Terms like “food deserts” have been cooked up by Them to explain things that really need no explanation. Companies like Walmart and Kroger exist to make a profit by selling merchandise and groceries for more than they paid for them. Other than the cost of the merchandise/food itself, there are all sorts of expenses that bite into profitability.
For example, if a box of Captain Crunch costs Publix $2.00 and they sell it for $4.00, you would think that would mean a profit of $2.00. Not so. Publix also needs to build and maintain a physical store full of shelves, one of those shelves holding Captain Crunch. That store requires an enormous amount of electricity to keep the lights and registers on, not to mention all of those freezers and coolers running. The store also needs a certain number of surly retail employees to stock the shelves, operate the registers and avoid making eye contact with customers. Back at Publix headquarters in Lakeland, Florida there are offices full of support people, from buyers to fat angry women in HR.

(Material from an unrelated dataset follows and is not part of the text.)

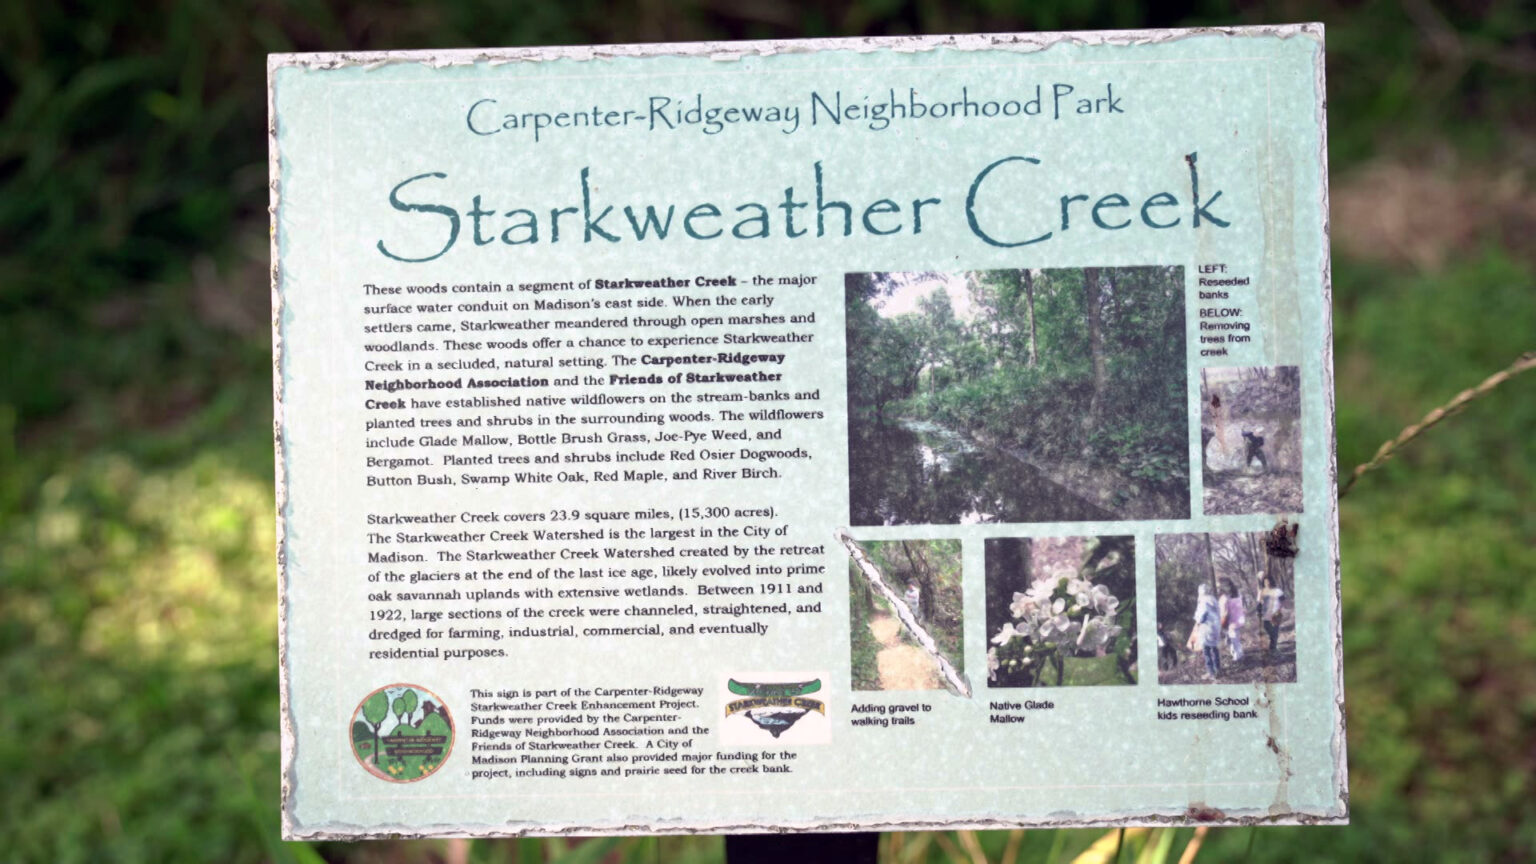 An interpretive sign with the titles Carpenter-Ridgeway Neighborhood Park and Starkweather Creek displays photos and explanatory text about the two geographic features, with foliage in the background.

In a single box of Captain Crunch, those costs are very small as it is spread out over the whole facing of Captain Crunch as well as Cheerios and Rice Chex and all of the other groceries and merchandise in a store, and most of the non-food merchandise in stores that sell groceries are huge profit drivers with very large margins. The kitchen gadgets you see hanging on strips in the grocery aisle probably are marked up 100% or more.
That is how retail works and I am sure you all know this. But what happens when you pay $2.00 for an item in your store but you don’t end up selling it at all because someone steals it? You not only lose any profit and you lose the cost of the item but it also impacts the fixed costs that are now spread out over fewer boxes of Captain Crunch. In the retail business this is called “shrink” and it mostly comes from theft, both shoplifters and employee theft. If someone drops a jar of pickles and it breaks, an employee is supposed to mark that item as damaged and unsaleable so it is accounted for but when something is stolen it isn’t accounted for until you do your inventory.
You might be shocked to learn that retail theft is a major problem in America and it is getting worse, especially in places where our benevolent overlords have decided to stop arresting people for shoplifting. We have all seen the videos of rampaging hordes of youths and scholars stealing anything not nailed down, even stealing stuff like cosmetics and laundry detergent. Another stunning revelation is that this semi-organized retail looting tends to be concentrated in lower income urban areas that are mostly populated by blacks, although blacks have started to travel to locations where the entire store isn’t under lock-and-key to steal, like criminal mastermind Ta’Kiya Young who was stealing booze while pregnant before ramming a cop and getting shot.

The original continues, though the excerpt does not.